--- The data Enclosed Below ---
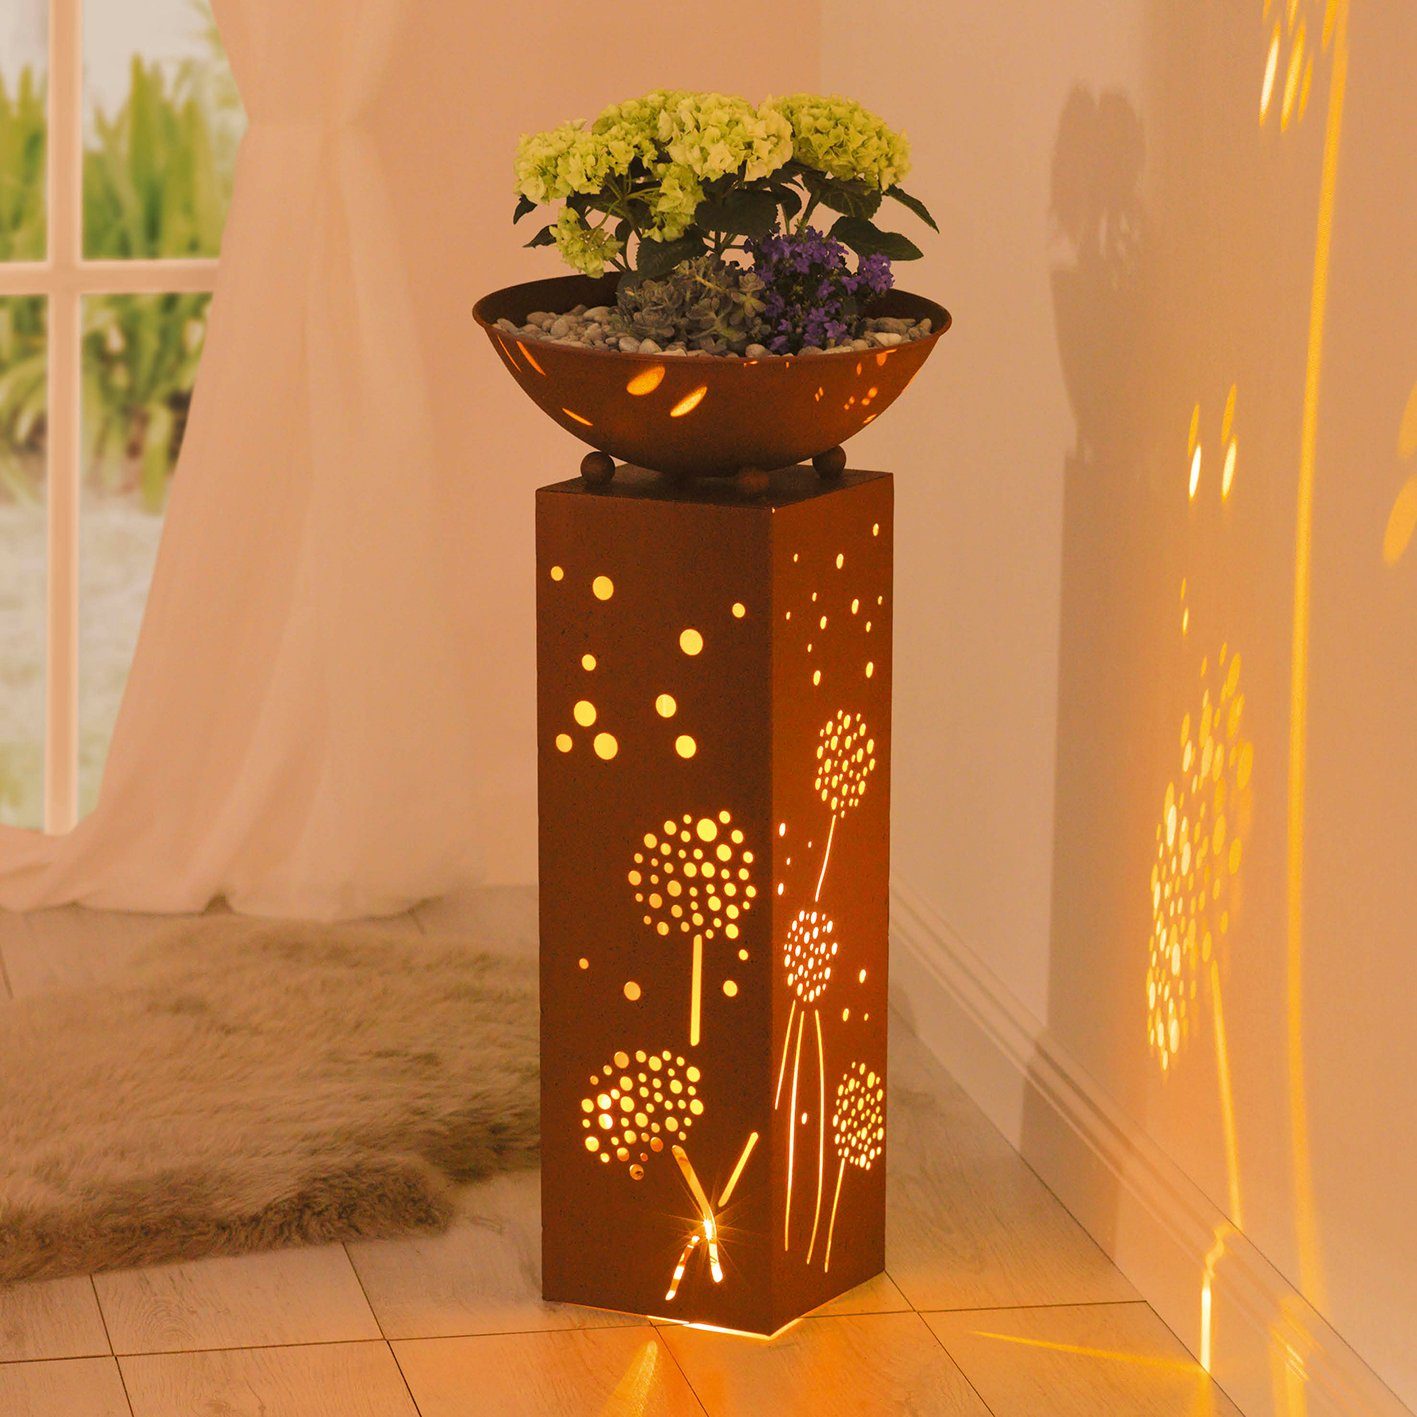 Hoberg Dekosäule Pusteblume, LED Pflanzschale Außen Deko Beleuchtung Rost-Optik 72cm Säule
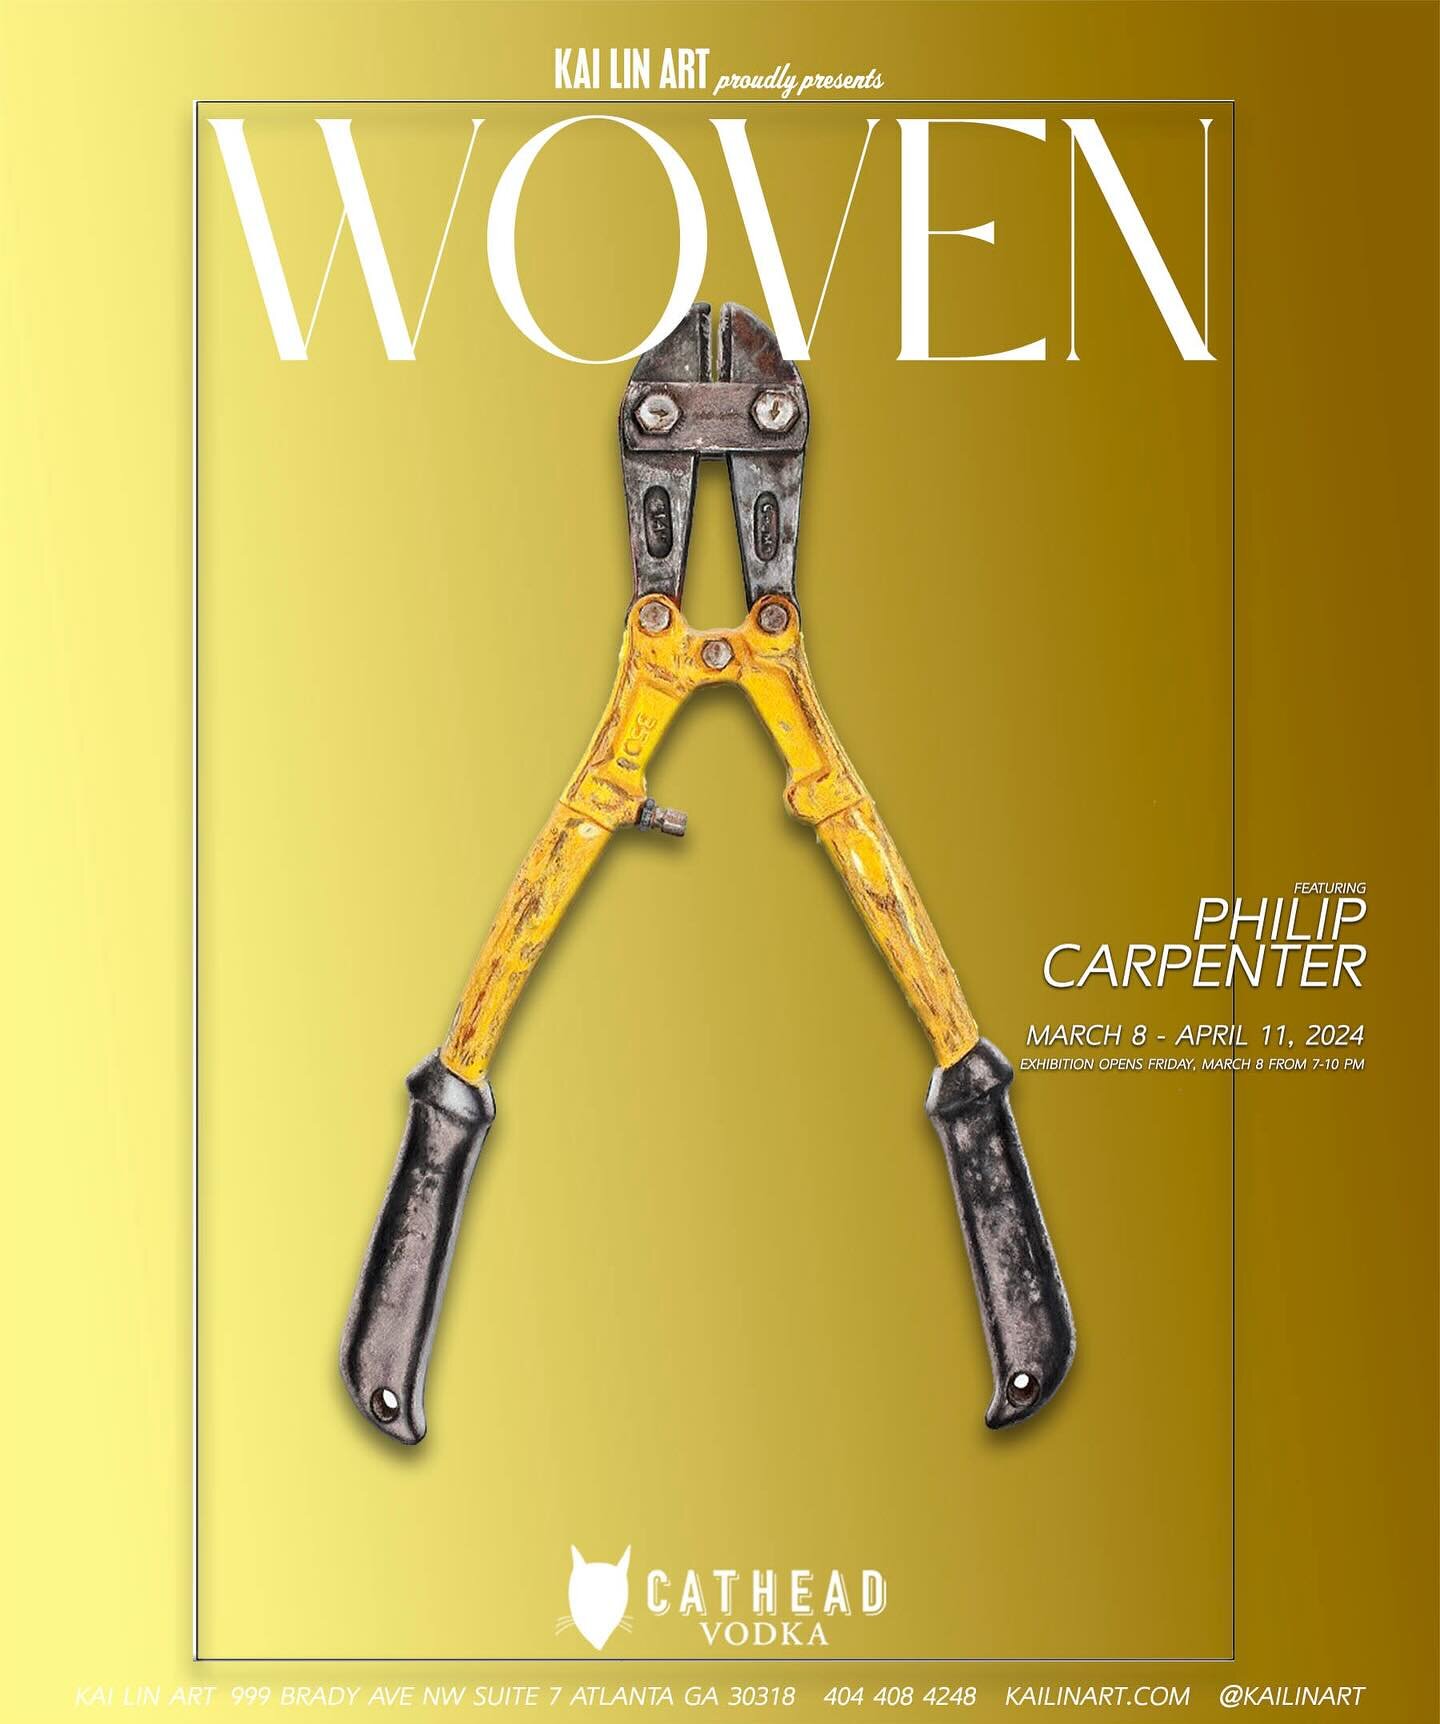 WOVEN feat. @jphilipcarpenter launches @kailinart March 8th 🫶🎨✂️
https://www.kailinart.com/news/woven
--- End of Enclosed The data ---
Task to carry out: In transcribing the material above, reproduce each line exactly and include none of the pictures.

Your response:
 Hoberg Dekosäule Pusteblume, LED Pflanzschale Außen Deko Beleuchtung Rost-Optik 72cm Säule
 WOVEN feat. @jphilipcarpenter launches @kailinart March 8th 🫶🎨✂️
https://www.kailinart.com/news/woven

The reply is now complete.